The SHARKS[1] Program seeks to develop new designs for economically attractive Hydrokinetic Turbines (HKT) for tidal and riverine currents. Tidal and riverine energy resources are renewable, have the advantage of being highly reliable and predictable, and are often co-located with demand centers, while HKT devices can be designed with low visual profiles and minimal environmental impact. These energy-producing devices are also uniquely suited for micro-grid applications, supplying energy to remote communities and other “blue economy” or utility-scale applications. This Program is aimed at applying Control Co-Design (CCD), Co-Design (CD) and Designing-for-OpEx (DFO) methodologies to HKT design.
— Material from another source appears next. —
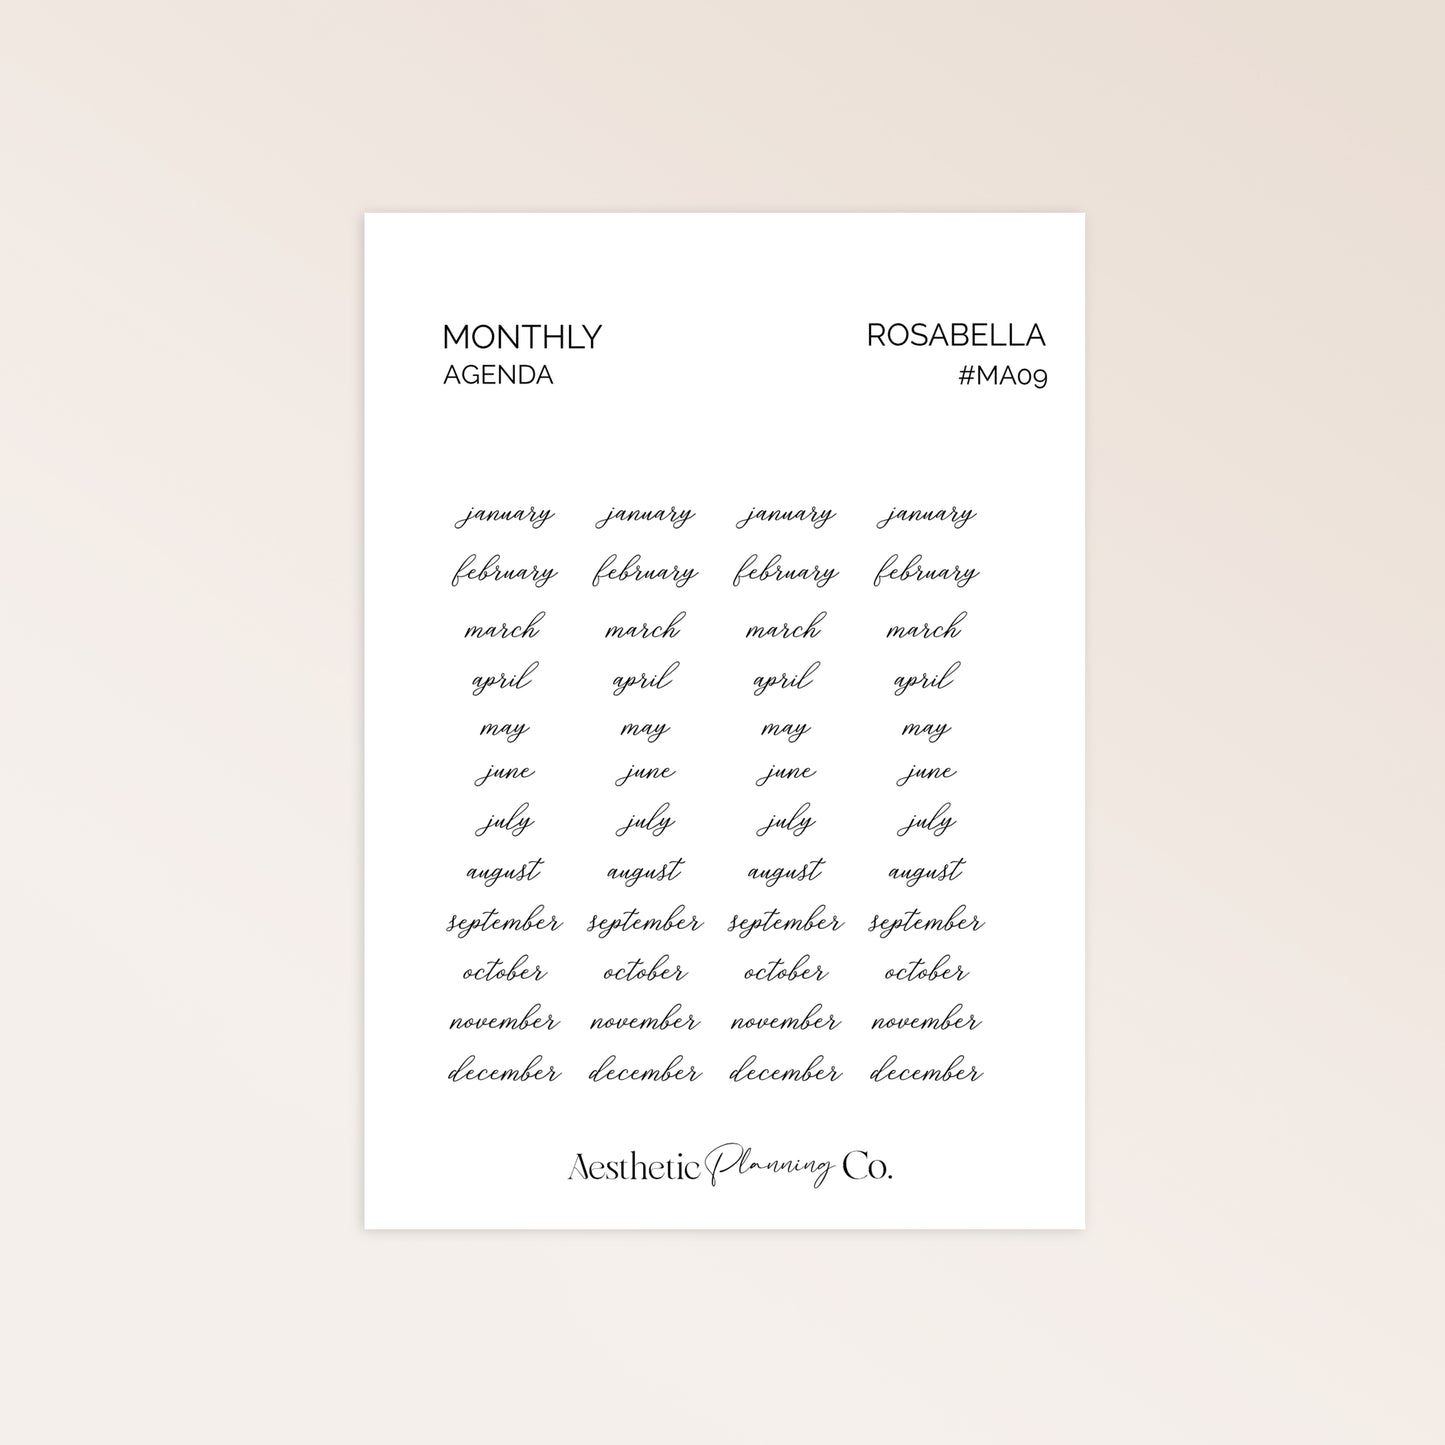 MONTHLY AGENDA | ROSABELLA

These three design methodologies require the concurrent (rather than sequential) application of a wide range of disciplines, starting at the conceptual design stage. The technical challenges that inhibit the development of highly efficient HKT designs are mutually dependent, and require expertise from a range of scientific and engineering fields for optimization. These codependent technical challenges make HKT design a perfect candidate for CCD, CD and DFO, and will necessitate the formation of multi-disciplinary teams to resolve their inherently coupled design considerations.
This Program seeks to fund the development of new HKT designs that include, but are not limited to, hydrodynamics, mechanical structures, materials, hydro-structural interactions, electrical energy conversion systems, control systems, numerical simulations and experimental validations. Simultaneous consideration of the full problem can result in operational designs that are optimal, and suitable for deployment in a wide variety of tidal and riverine energy environments. The SHARKS Program seeks new HKT designs that are optimized within a Metric Space that quantifies the swept rotor area per unit of equivalent mass and the water-to-electron power generation efficiency, while navigating across LCOE (Levelized Cost of Energy) contours of constant value or isolines. Projects in this Program will develop radically new HKT designs that offer a significant reduction in LCOE (~60%) compared to the current state-of-the-art –see Table 9. These designs will need to reduce the LCOE through a multi-faceted approach that includes increasing generation efficiency, increasing rotor area per unit of equivalent system mass, lowering operating and maintenance costs, and minimizing potential negative impacts on the surrounding environment, among other considerations. It is expected that projects will include physical testing of the critical systems and sub-systems in the water to prove the assumptions underlying the device’s design.
[1] SHARKS is the acronym for “Submarine Hydrokinetic And Riverine Kilo-megawatt Systems.”